EMI Films

EMI Films was a British film and television production company and distributor. The company was formed after the takeover of Associated British Picture Corporation (ABPC) in 1968 by EMI.

Its major successes as a film producer include the 1978 Academy Award for Best Picture winner The Deer Hunter, Close Encounters of the Third Kind, Murder on the Orient Express, Death on the Nile, Monty Python and the Holy Grail and in the 1980s, Bad Boys and Frances. In the early-1980s, the film division was renamed Thorn EMI Screen Entertainment, to reflect EMI's merger with Thorn Electrical Industries to become Thorn EMI, years earlier.
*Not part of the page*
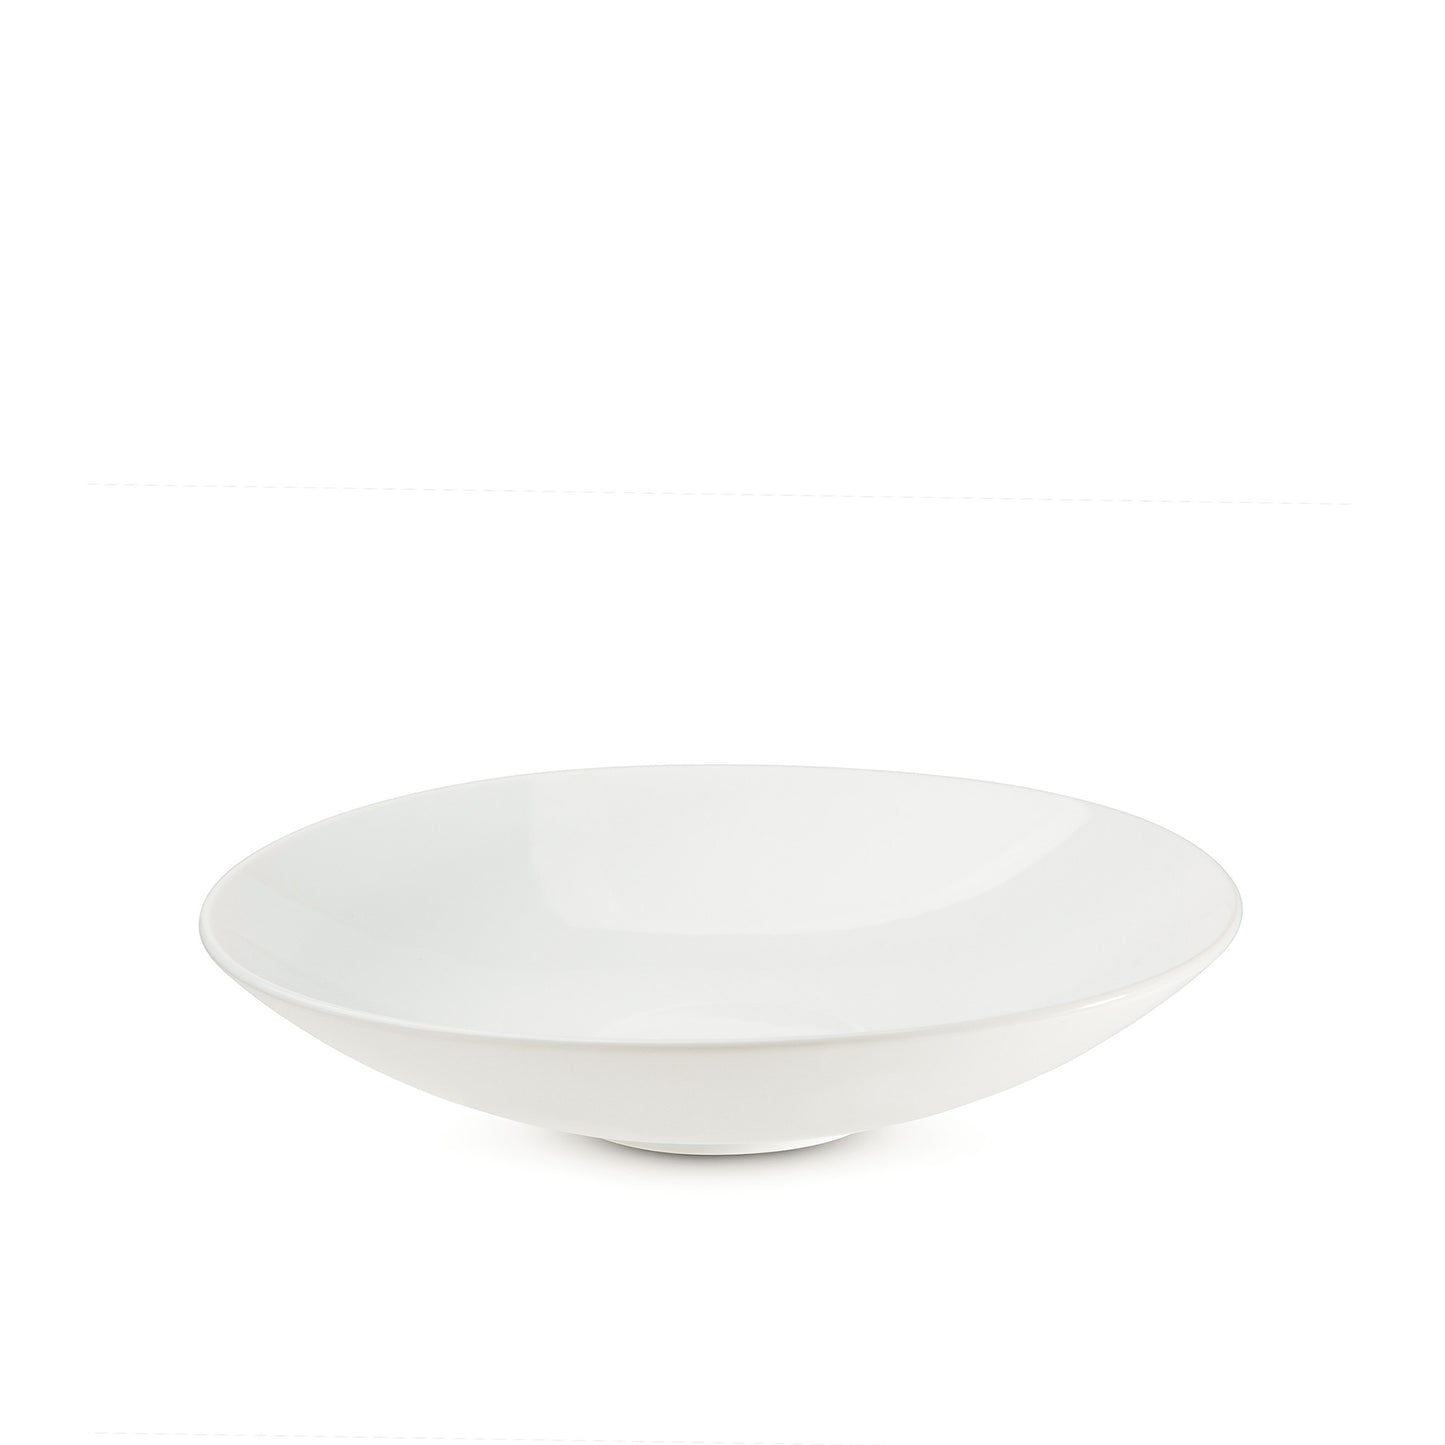 8" white porcelain coupe bowl, salad bowl, soup bowl, 45 degree view, media 3 of 4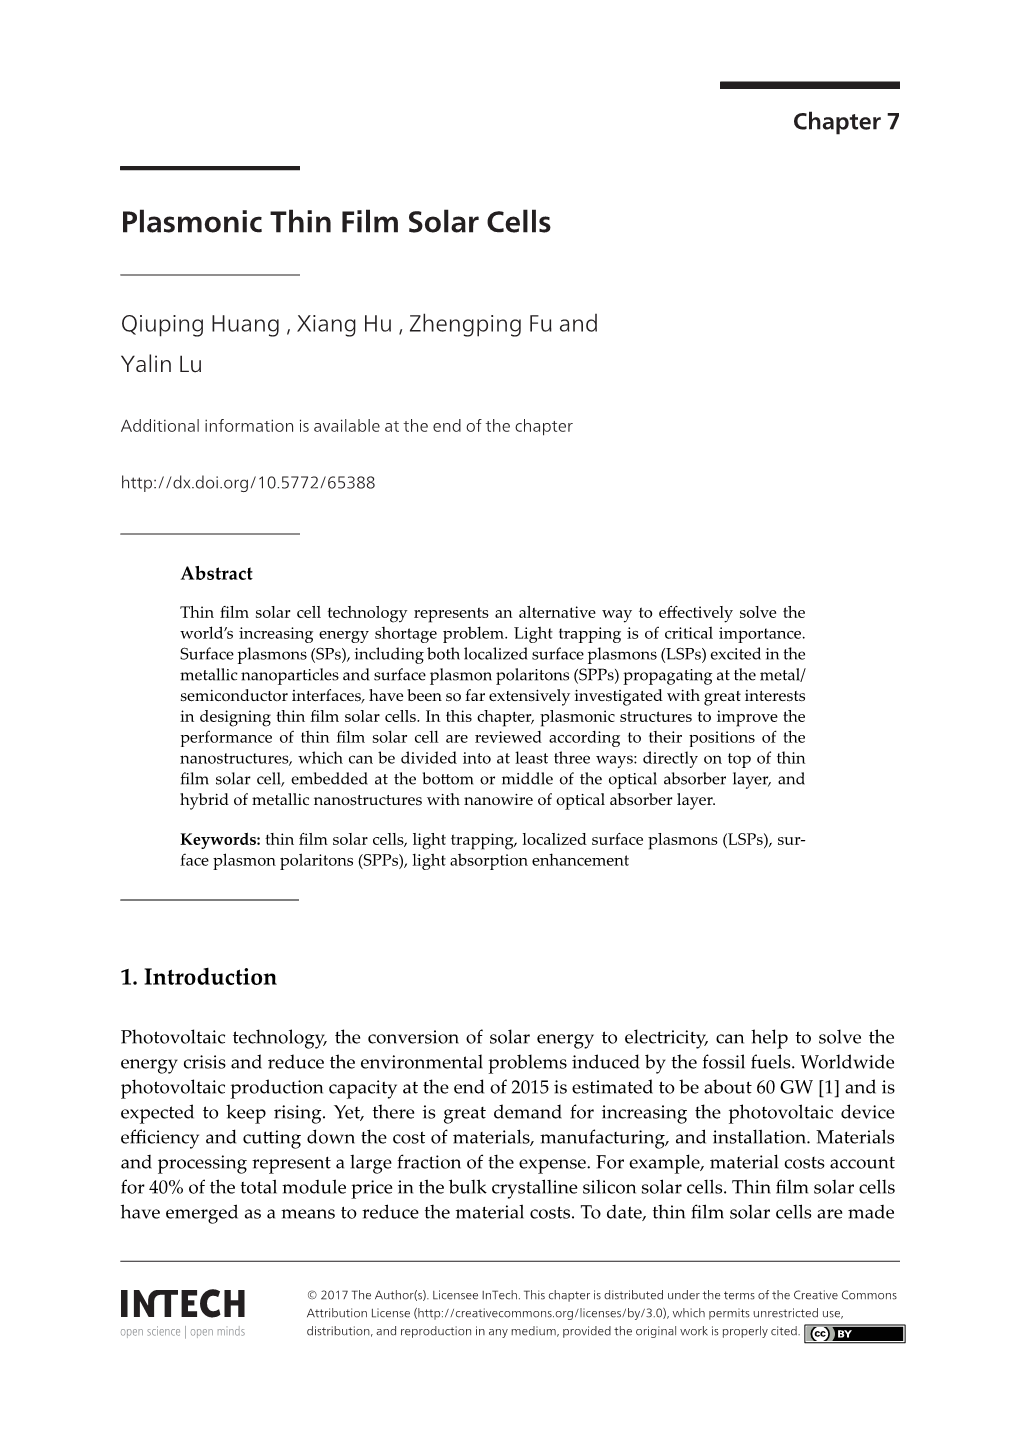 Plasmonic Thin Film Solar Cellscells

Thorn EMI later sold its film, home video, and theater operations (which were inherited from ABPC) to businessman Alan Bond in April 1986. Bond, in turn, sold it to The Cannon Group a week later.[1] A year after the purchase, a cash-strapped Cannon sold the film library to Weintraub Entertainment Group.[2] The library ended up in the hands of several companies over the years and is now owned by StudioCanal, ironically a sister company to EMI's rival and soon to be acquirer Universal Music Group. EMI Films also owned Elstree Studios in Hertfordshire, England; Cannon ended up purchasing the studio as well, but later sold it to Brent Walker Group plc in 1988.[3]

EMI is also known for backing off on the funding for Monty Python's Life of Brian at the last moment, after an EMI executive read the script.